Именно так я на самом деле и думал, а потому лишь извиняюще улыбнулся.
– И тебе кажется, что все у вас хорошо и спокойно. Но это только для тебя, Эд…
Я почувствовал, как в висках застучала знакомая боль.
– …но не для Холли. Ей ведь с этим приходится жить. А это ох как трудно – я-то знаю. И Холли в сверкающем современном Лондоне куда трудней, по-моему, чем мне в нашей туманной древней Ирландии. Ей понадобится твоя помощь. И, мне кажется, очень скоро.
Пожалуй, я никогда еще не вел во время свадьбы таких странных разговоров. Но, по крайней мере, этот разговор не был связан с Ираком.
– И что же мне делать?
– Верить ей, даже если ты в это не веришь.
К нам подошли Кэт и Рут; после румбы, имевшей оглушительный успех, они сияли.
– Вы что тут как воры затаились?
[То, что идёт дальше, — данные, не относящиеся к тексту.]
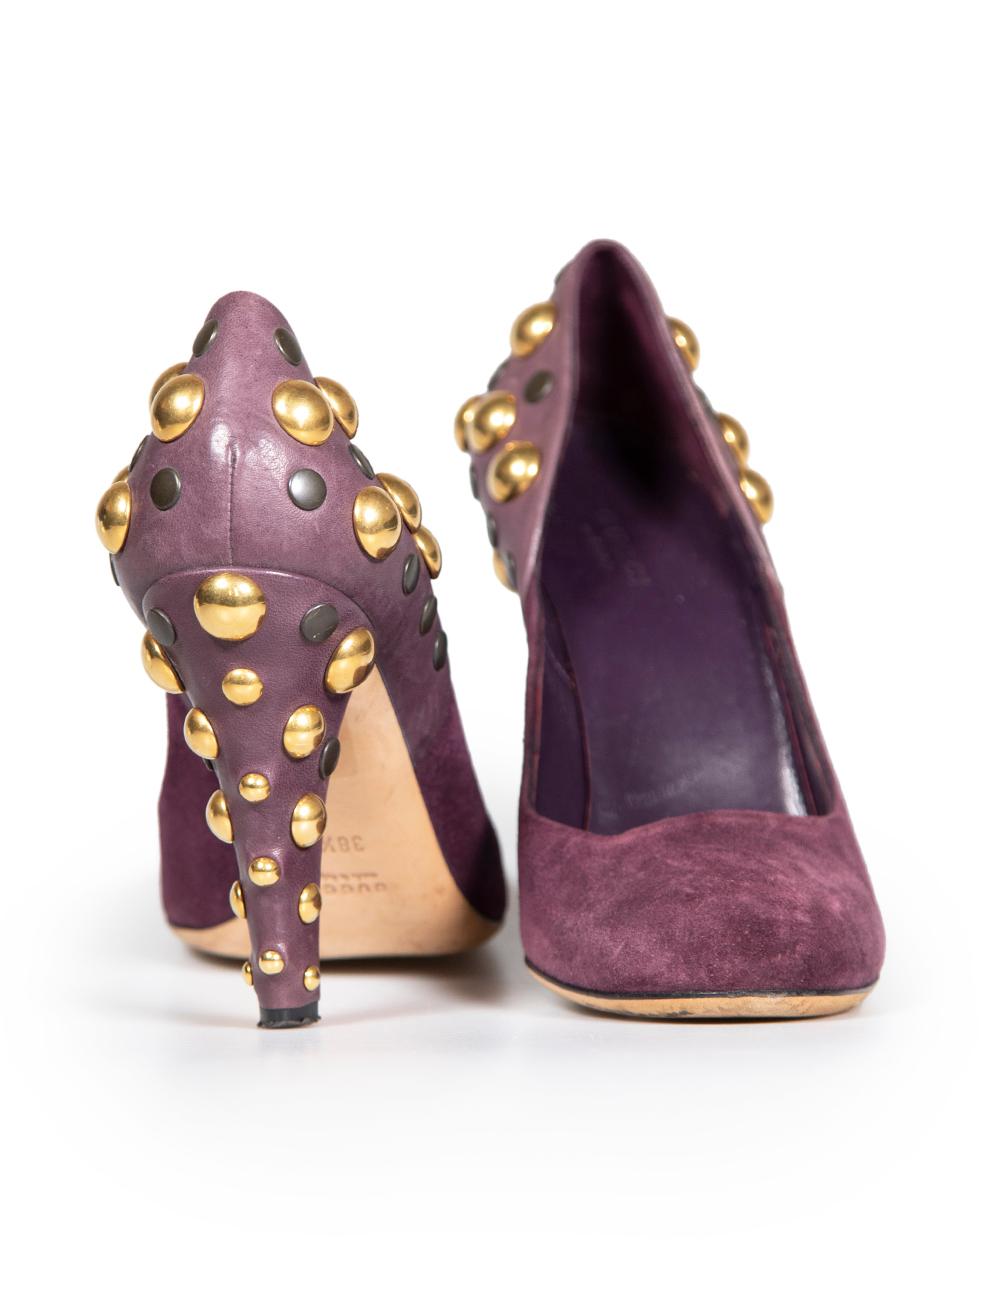 Gucci Purple Suede Studded Pumps Size IT 38.5 In Good Condition For Sale In London, GB
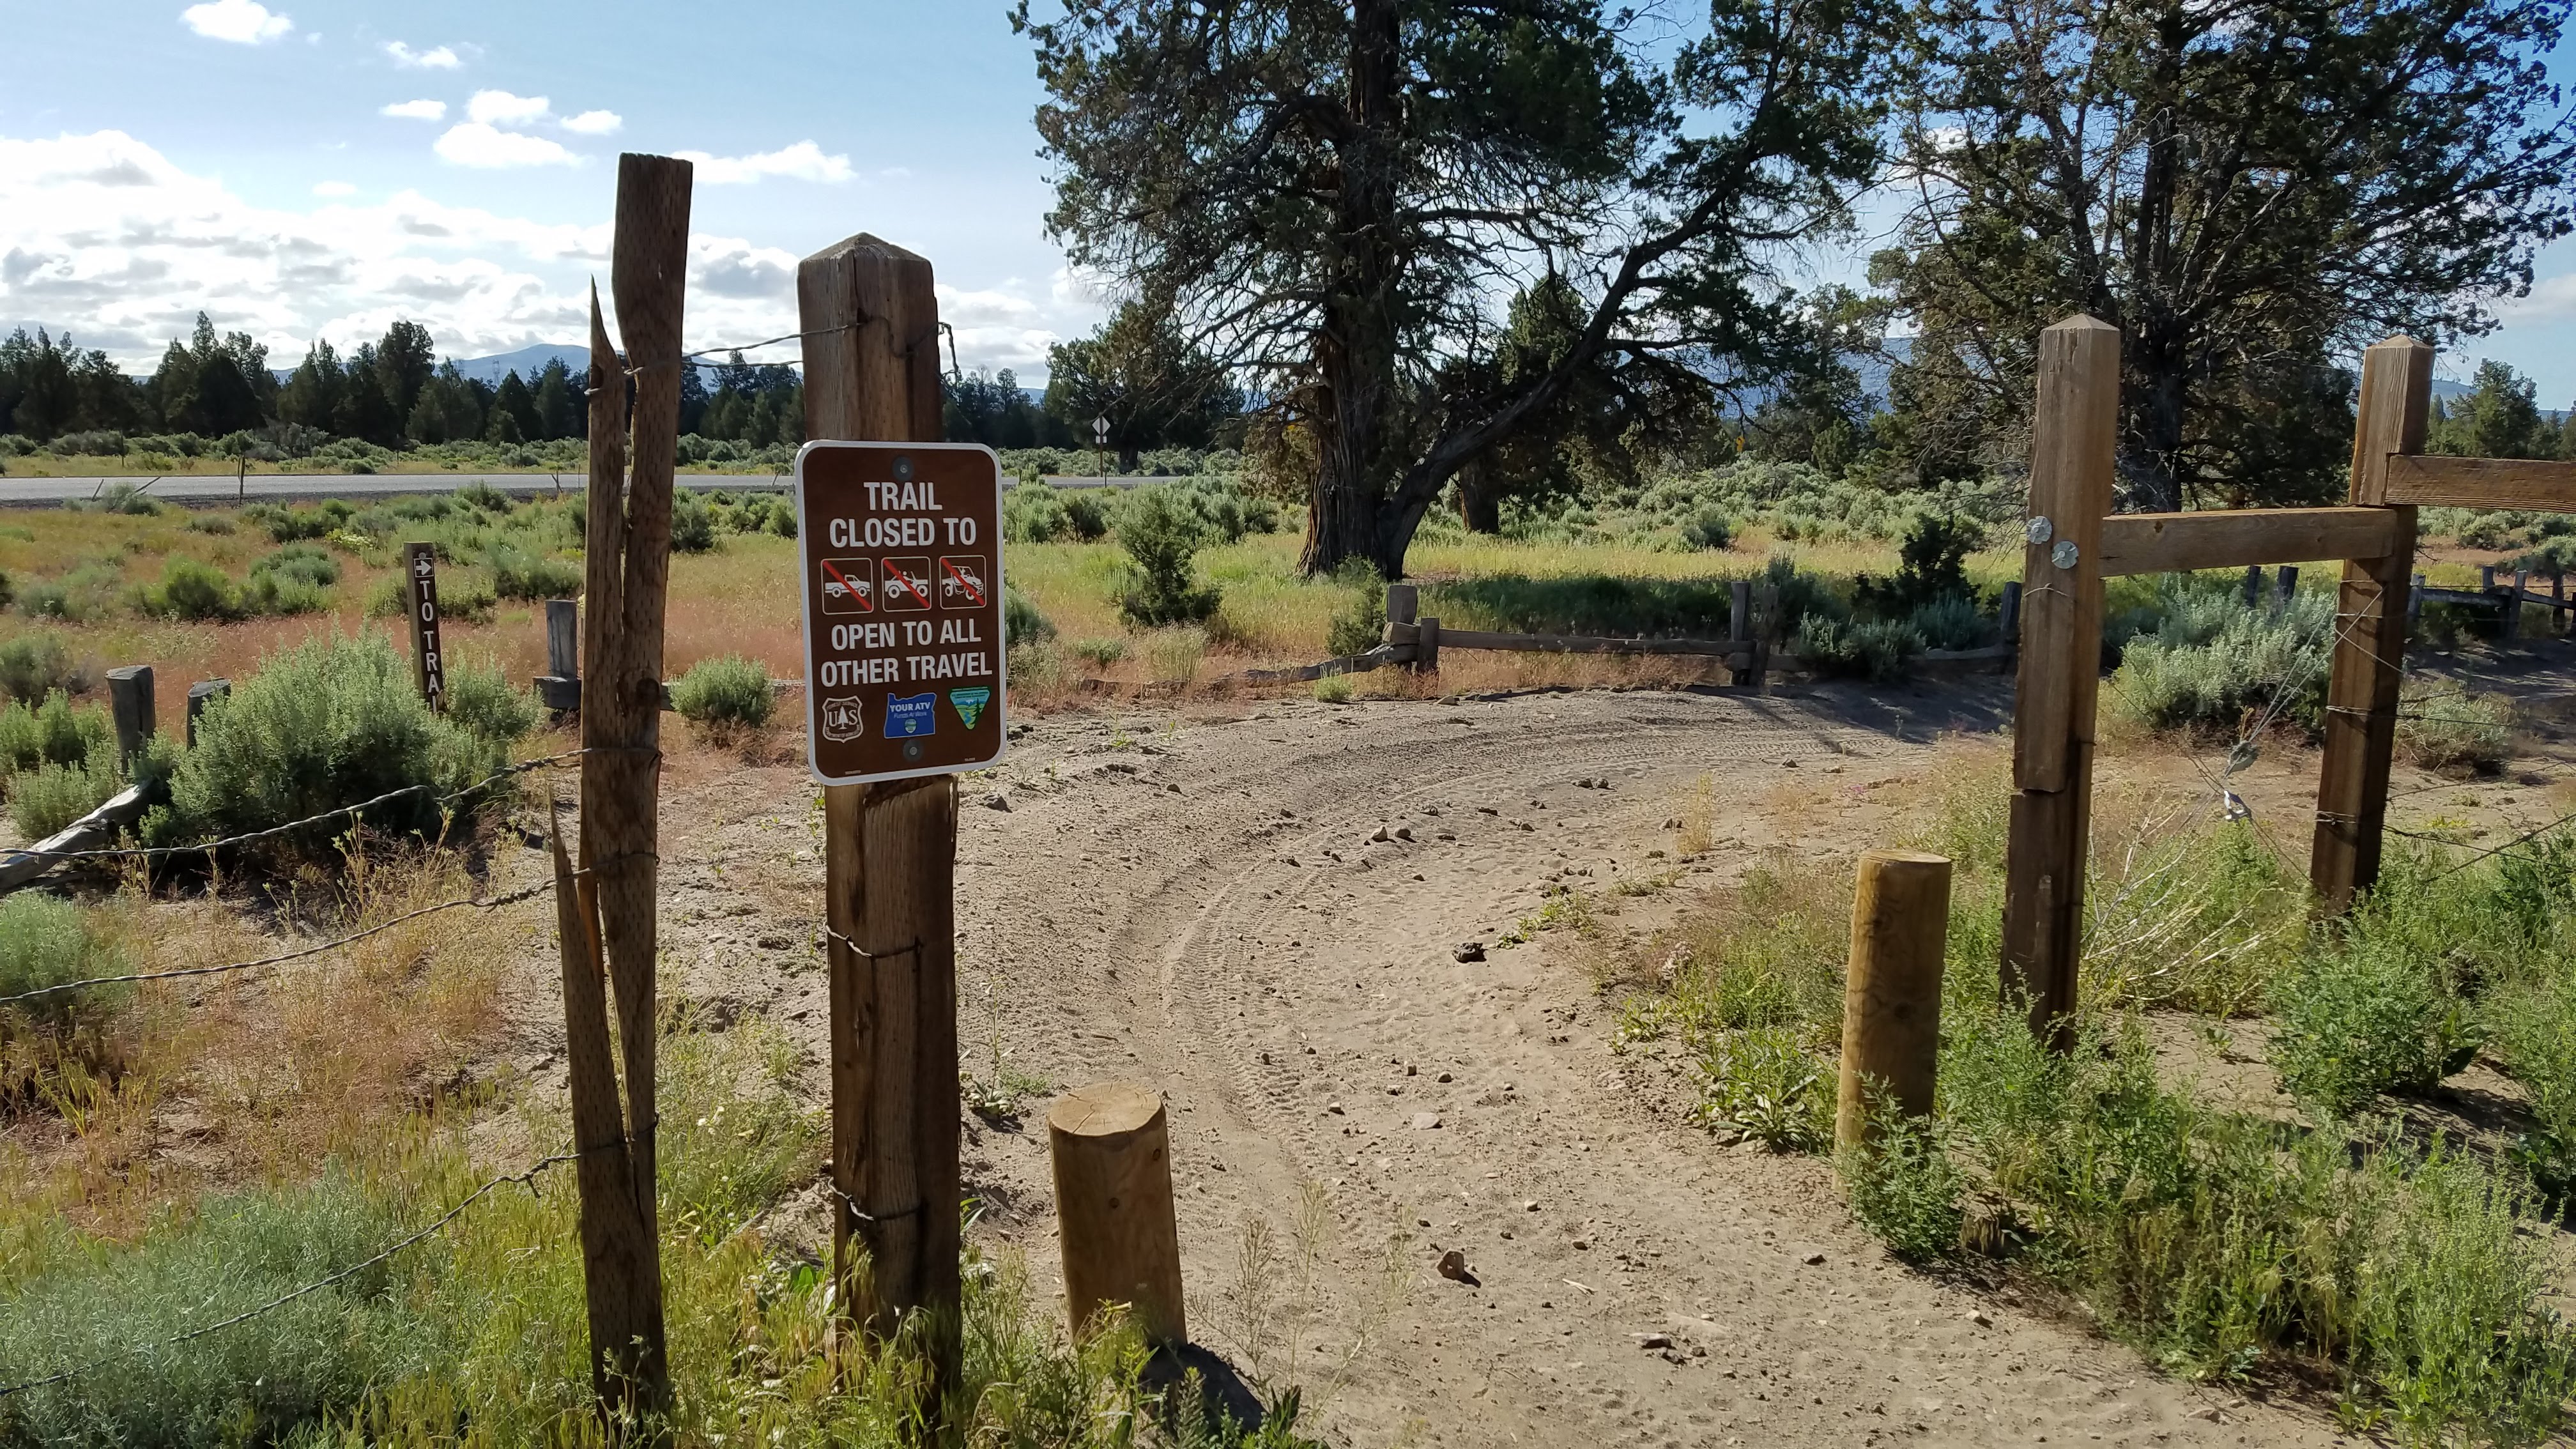 Trail access point at Alfalfa Curves OHV Staging Area

Прямо навек нас покинули!
– Айлиш рассказывала мне о своих приключениях в арабских странах, – улыбнулся я, но из головы у меня не шла последняя фраза старой ирландки.
– А вы видели, как Кэт и Дэйв танцевали? – спросила Рут.
– Видели и восхищались обоими, – сказала двоюродная бабушка Айлиш. – А Дэйв-то как был хорош! Хвост перед тобой распускал, прямо как павлин, – и это в его не таком уж юном возрасте!
– Мы, когда с ним познакомились, часто ходили на танцы, – сказал Кэт, и я заметил, что у нее, поскольку она находилась среди своих, ирландский акцент стал куда заметней. – А потом у нас появился «Капитан Марло», и стало не до танцев. Мы больше тридцати лет никуда вдвоем по вечерам не выходили.